Aim of the exercise - Return the whole listing unchanged. Drop the images.

Source material -
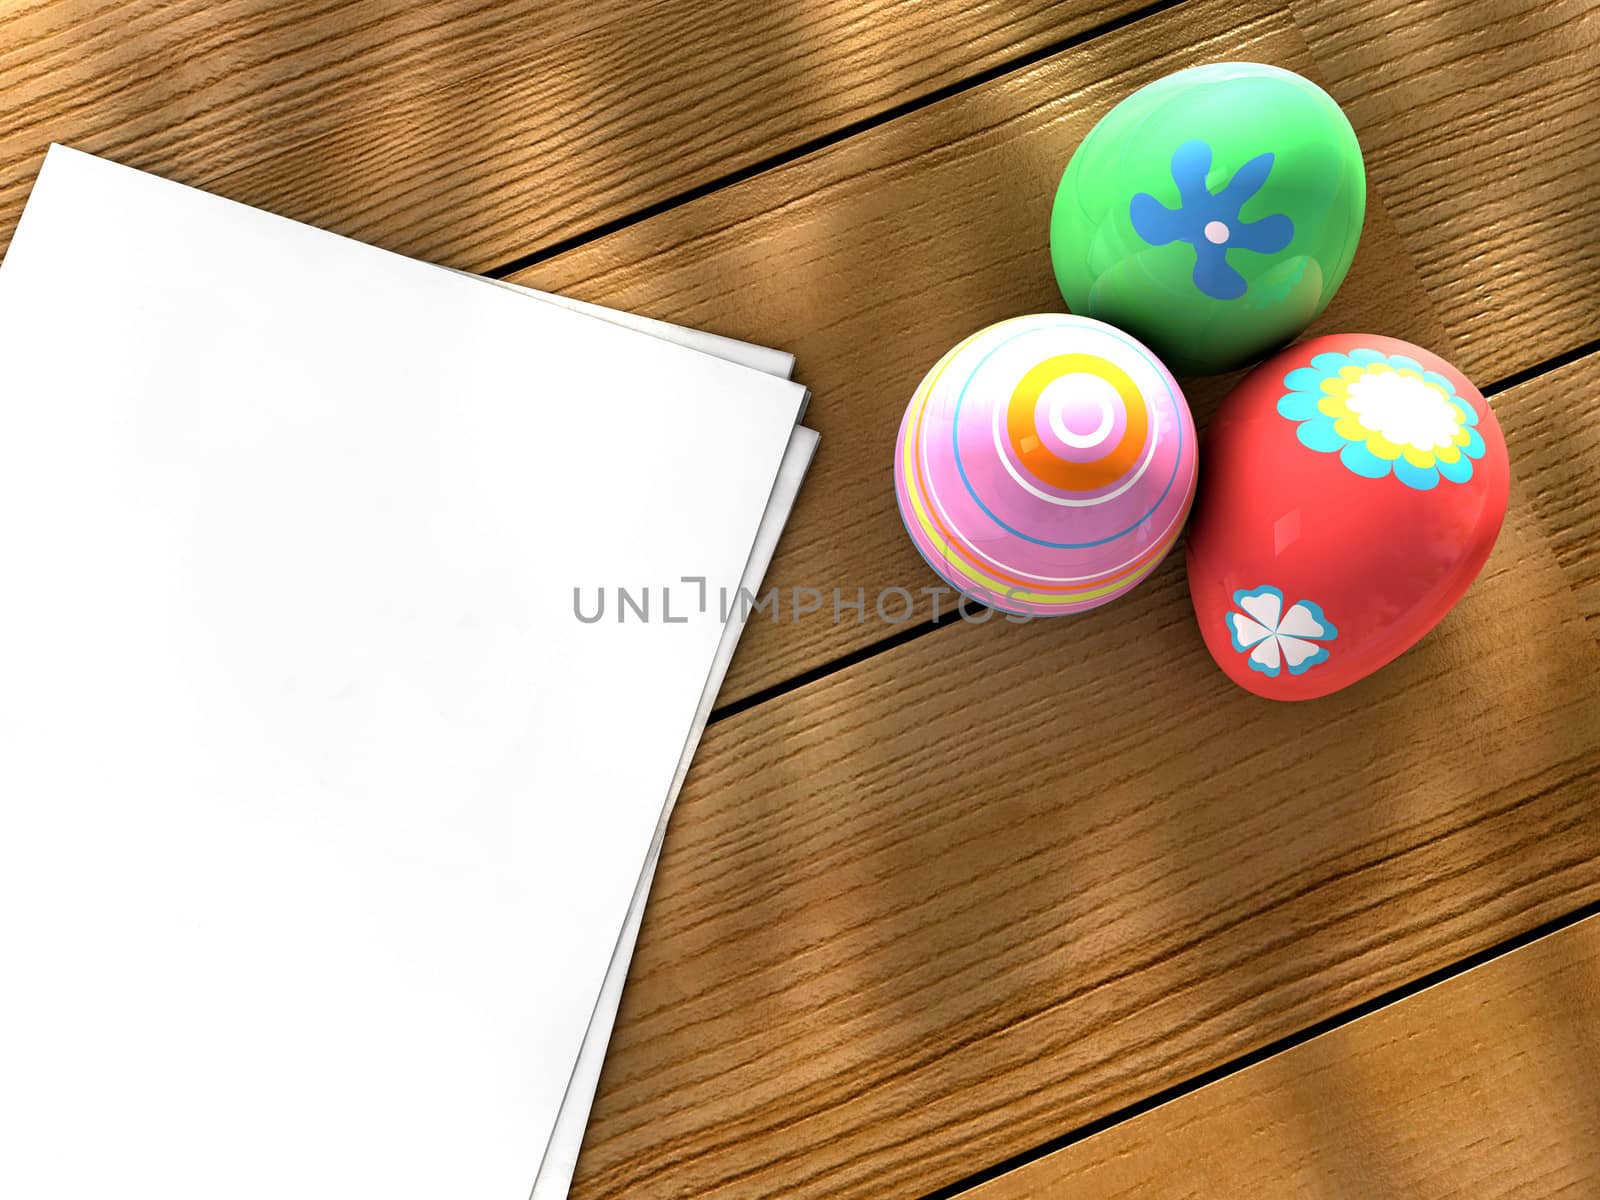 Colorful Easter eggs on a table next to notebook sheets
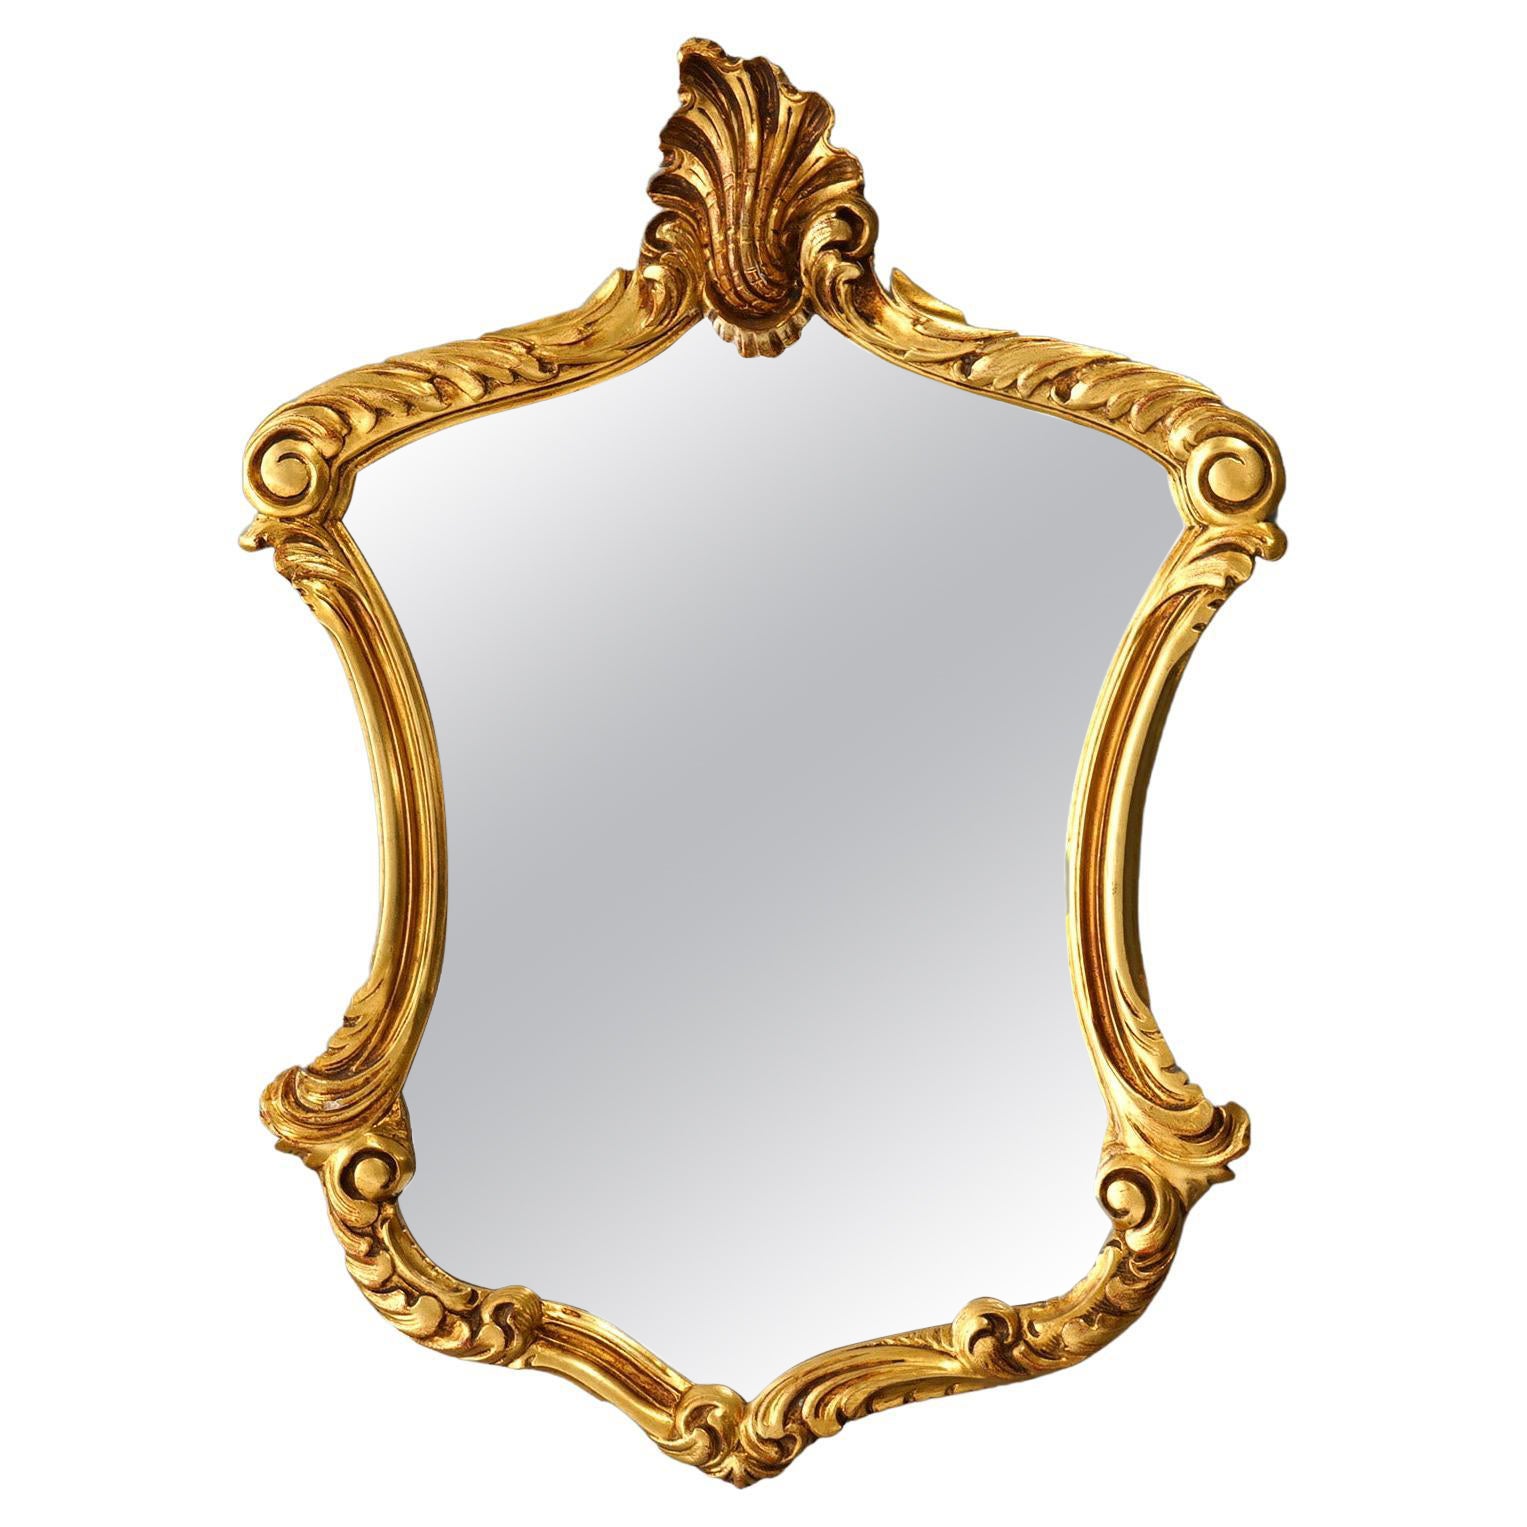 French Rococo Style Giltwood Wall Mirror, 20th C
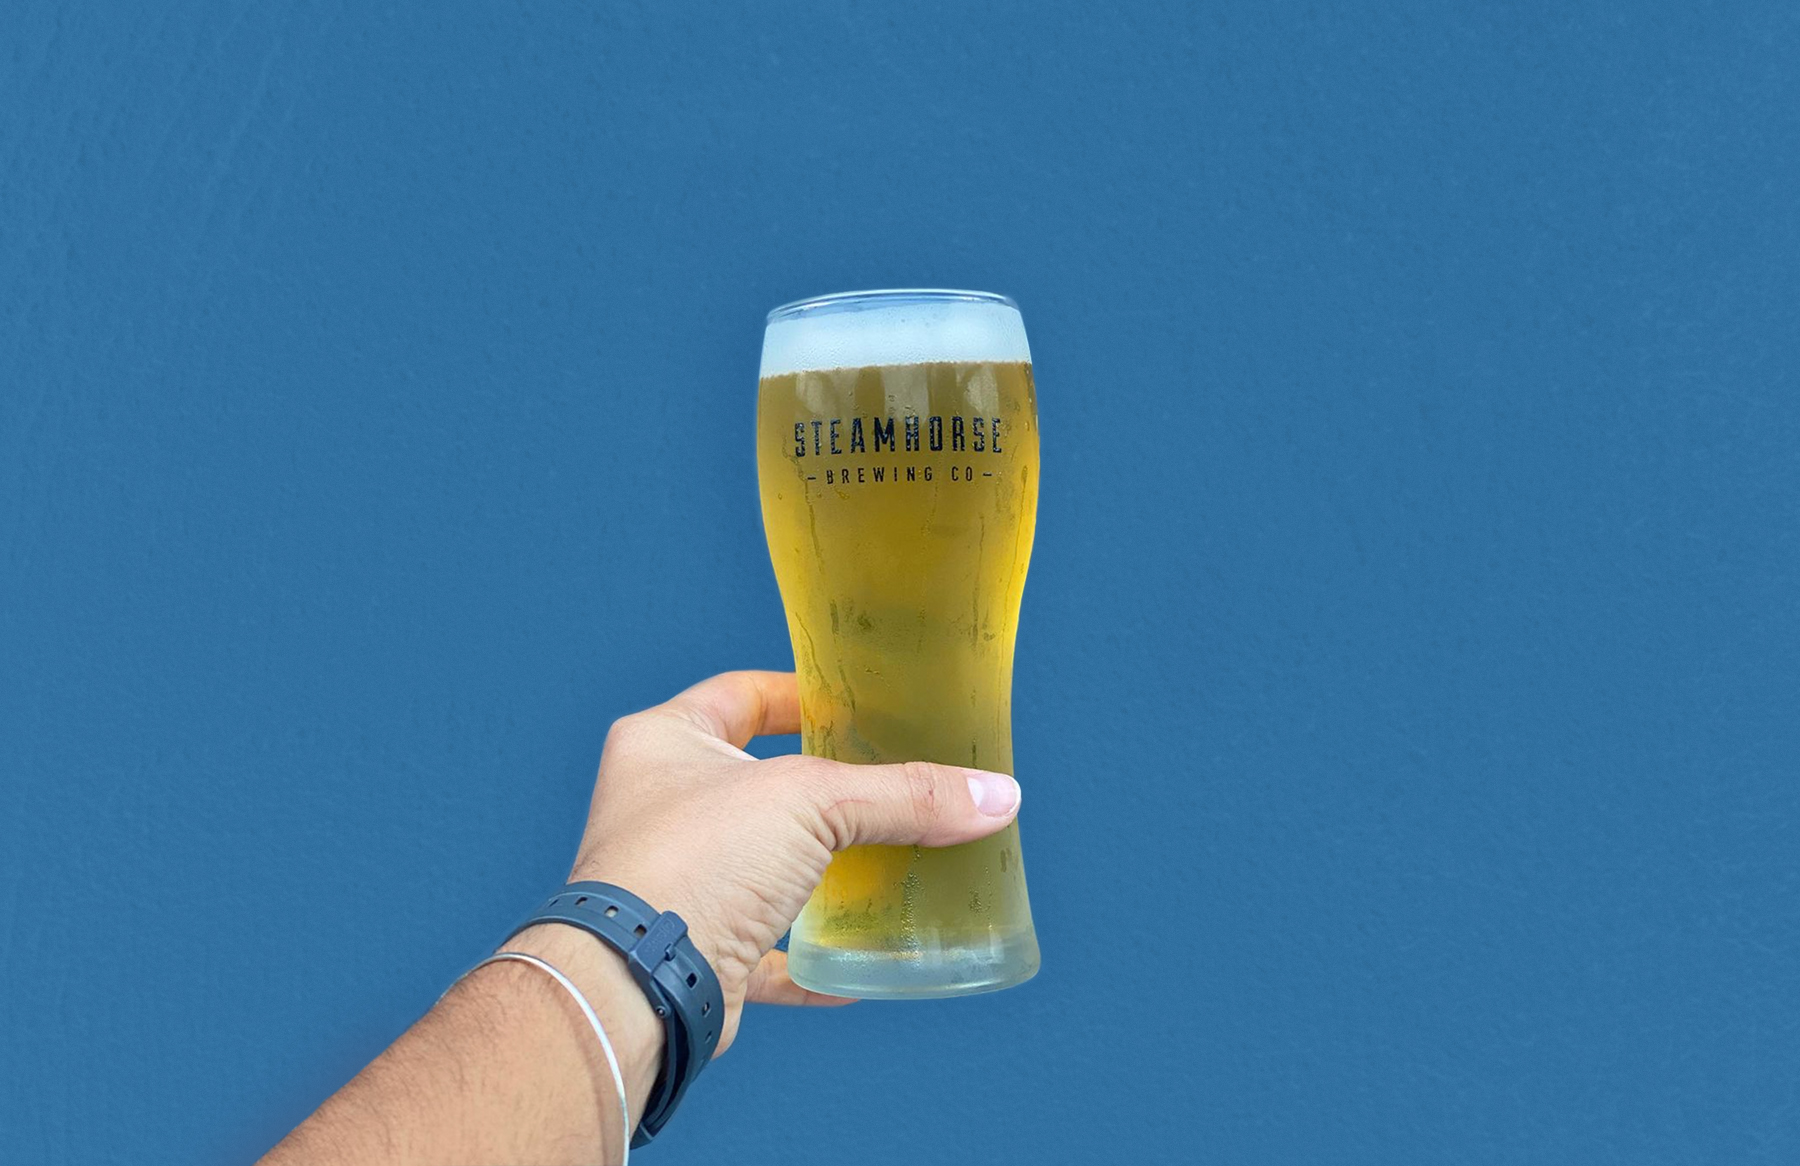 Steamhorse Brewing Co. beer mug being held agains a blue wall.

Result for this exercise -
 Colorful Easter eggs on a table next to notebook sheets
 French Rococo Style Giltwood Wall Mirror, 20th C
 Steamhorse Brewing Co. beer mug being held agains a blue wall.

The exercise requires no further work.